IEEE Trans Image Process. 2017 Dec;26(12):5908-5921. doi: 10.1109/TIP.2017.2745106. Epub 2017 Aug 25.
We study the problem of fine-grained sketch-based image retrieval. By performing instance-level (rather than category-level) retrieval, it embodies a timely and practical application, particularly with the ubiquitous availability of touchscreens. Three factors contribute to the challenging nature of the problem: 1) free-hand sketches are inherently abstract and iconic, making visual comparisons with photos difficult; 2) sketches and photos are in two different visual domains, i.e., black and white lines versus color pixels; and 3) fine-grained distinctions are especially challenging when executed across domain and abstraction-level. To address these challenges, we propose to bridge the image-sketch gap both at the high level via parts and attributes, as well as at the low level via introducing a new domain alignment method. More specifically, first, we contribute a data set with 304 photos and 912 sketches, where each sketch and image is annotated with its semantic parts and associated part-level attributes. With the help of this data set, second, we investigate how strongly supervised deformable part-based models can be learned that subsequently enable automatic detection of part-level attributes, and provide pose-aligned sketch-image comparisons. To reduce the sketch-image gap when comparing low-level features, third, we also propose a novel method for instance-level domain-alignment that exploits both subspace and instance-level cues to better align the domains. Finally, fourth, these are combined in a matching framework integrating aligned low-level features, mid-level geometric structure, and high-level semantic attributes. Extensive experiments conducted on our new data set demonstrate effectiveness of the proposed method.

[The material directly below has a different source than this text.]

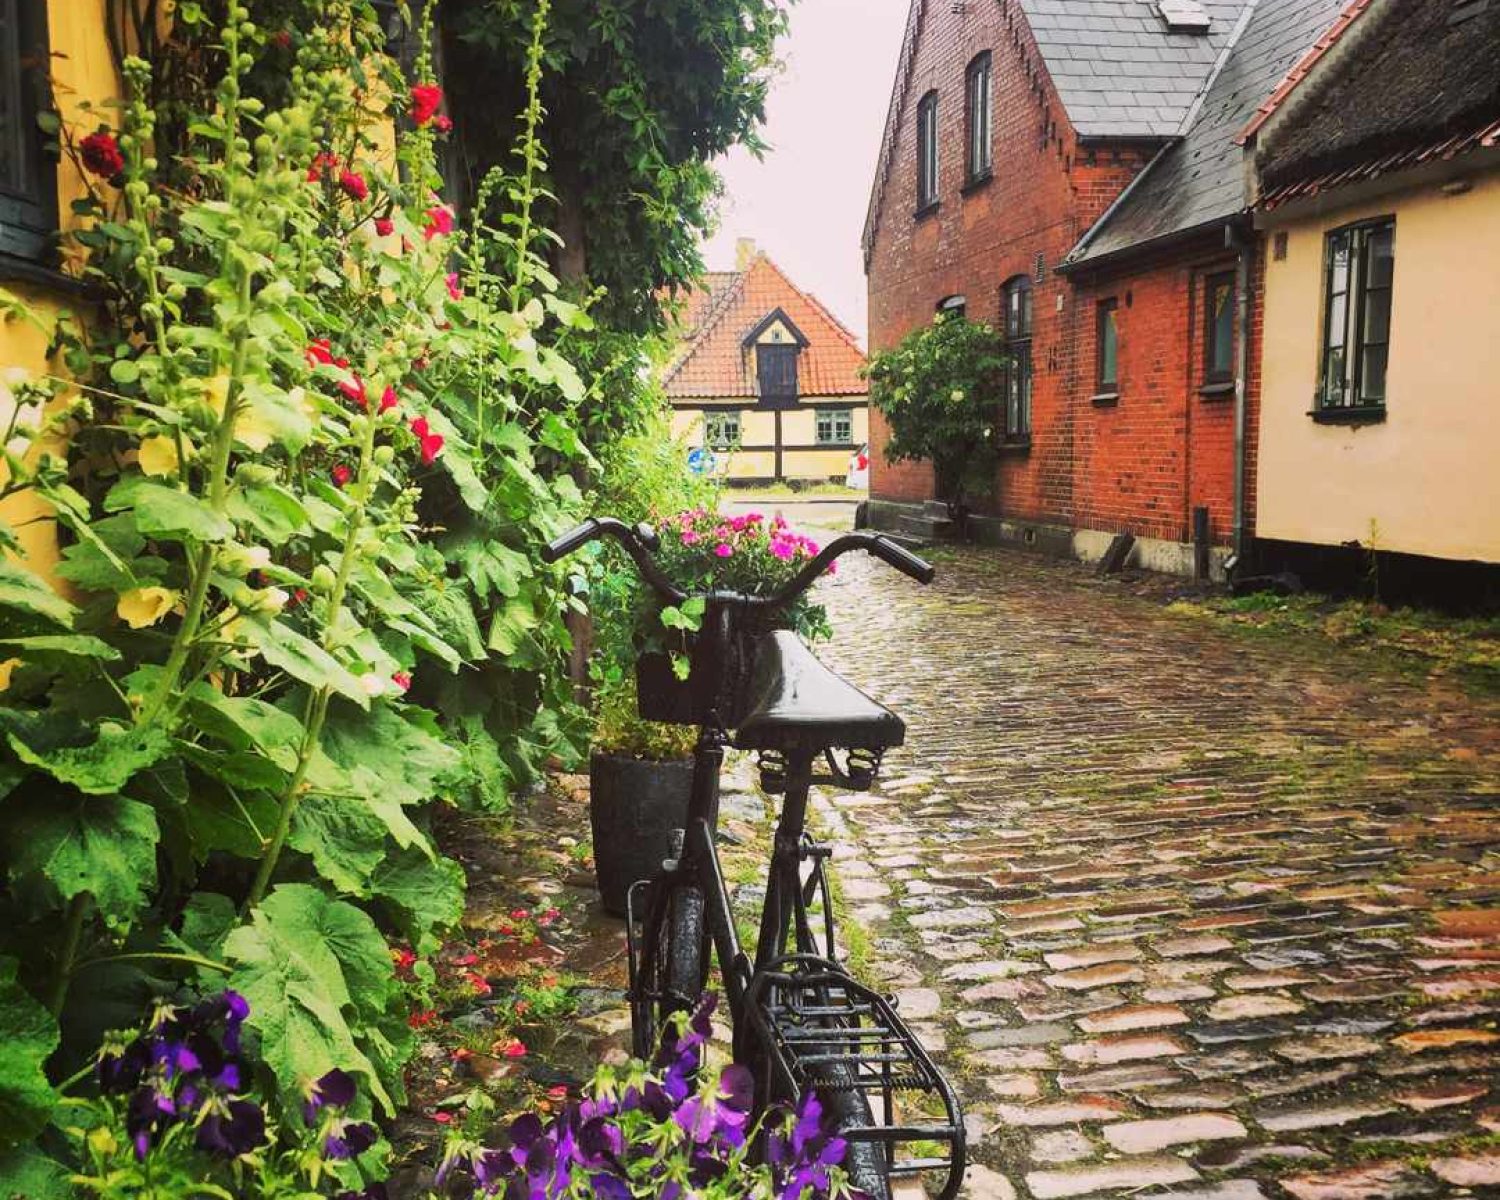 Calles típicas del pueblo costero de Dragør con una bici aparcada

我们研究了细粒度基于草图的图像检索问题。通过执行实例级(而不是类别级)检索,它体现了一个及时且实用的应用,特别是在触摸屏无处不在的情况下。该问题具有挑战性,原因有三个:1)徒手草图本质上是抽象的和图像的,使得与照片进行视觉比较变得困难;2)草图和照片处于两个不同的视觉领域,即黑白线条与彩色像素;3)在跨领域和抽象级别执行时,细粒度的区别特别具有挑战性。为了解决这些挑战,我们提出通过高级别的部分和属性以及低级别的引入新的域对齐方法来弥合图像草图之间的差距。更具体地说,首先,我们贡献了一个包含 304 张照片和 912 张草图的数据集,其中每张草图和图像都用其语义部分和相关的部分级属性进行注释。在这个数据集的帮助下,其次,我们研究了如何能够学习到强有力的监督可变形部分基模型,从而能够自动检测部分级属性,并提供姿势对齐的草图图像比较。为了在比较低级特征时缩小草图图像之间的差距,第三,我们还提出了一种新的实例级域对齐方法,该方法利用子空间和实例级线索来更好地对齐域。最后,第四,这些方法在一个匹配框架中结合了对齐的低级特征、中级几何结构和高级语义属性。在我们的新数据集上进行的广泛实验证明了所提出方法的有效性。